Diante deste cenário, Jum compreende que o lúdico é o caminho para resgatar a individualidade, fugir do risco da uniformização de personalidades e devolver a humanidade para a moda. Em suas criações, a imaginação, o criativo e o uso do universo lírico não são uma fuga, mas uma estratégia para despertar a criança que ainda existe em cada um. “É assim que espero fazer com que as pessoas voltem a sonhar, rompendo a armadura e a dureza que quase toma conta de nós, e resgatando aquela parcela que ainda está viva na gente”, admitiu.
Esse mesmo raciocínio se estende às discussões sobre a substituição dos humanos pela tecnologia. Nem a mais avançada inteligência artificial, com todos os cálculos que a sustentam, conseguiria reproduzir esse gesto humano de criar a partir do afeto. “Você só vai fazer moda dignamente se você a ama, se ama, ama todos os processos da cadeia, os ingredientes e honra aquilo que é um trabalho manual”, apontou. “Portanto, a inteligência artificial é capaz de muita coisa, mas ela não vai ser capaz de amar. E só se faz moda com amor”.
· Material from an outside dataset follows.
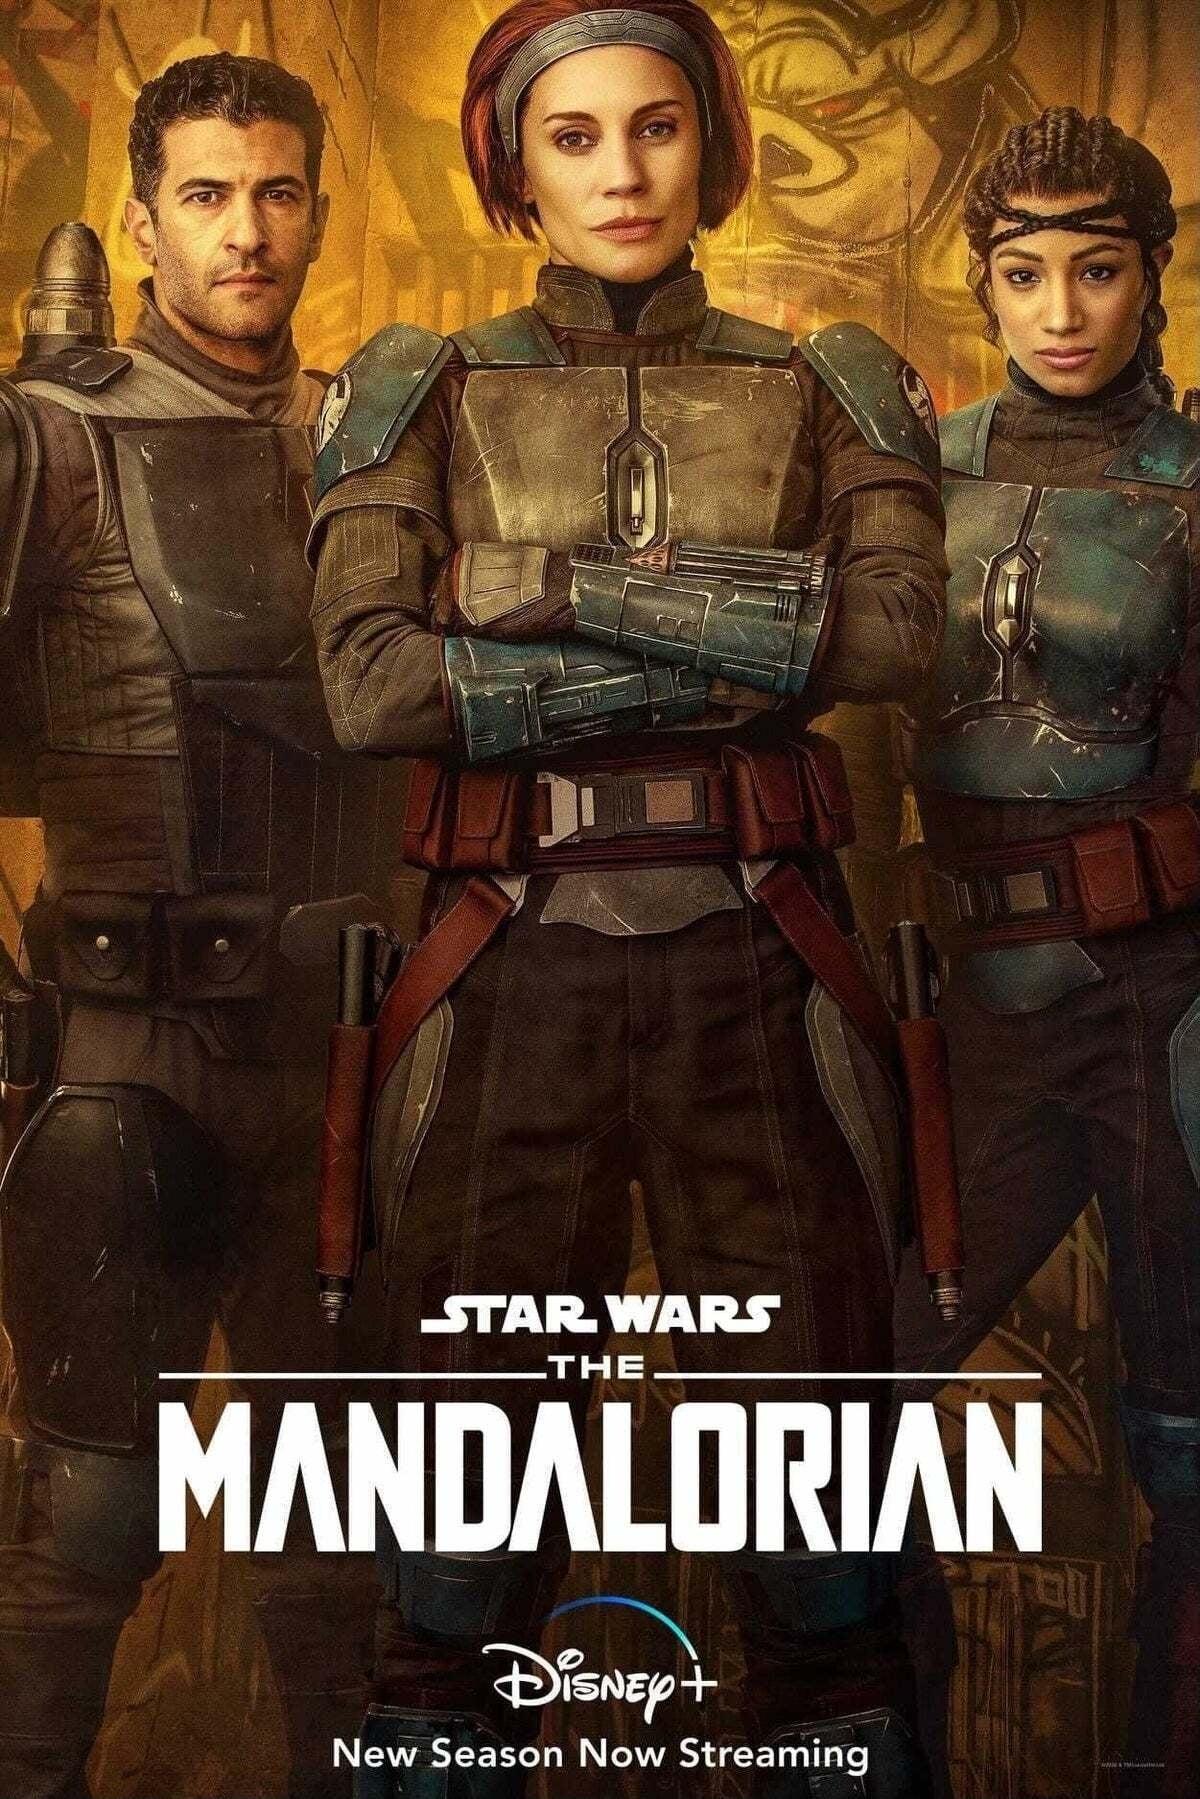 The Mandalorian S2 (2020) Subtitle Indonesia

Entre metáforas e críticas atuais, Jum Nakao encerrou sua participação no Interfashion Brasília 2025 deixando uma bela reflexão para o público. Se em 2004 ele já denunciava uma indústria em risco de perder sua alma, em 2025 sua fala se transforma em convite para repensar como estamos vivendo essa forma de arte. Moda é sobre pessoas, não sobre coisas; sobre vestir corpos, não cabides; sobre traduzir o invisível em forma de roupas. E quando feita com amor, a moda não só cobre. Na verdade, ela revela.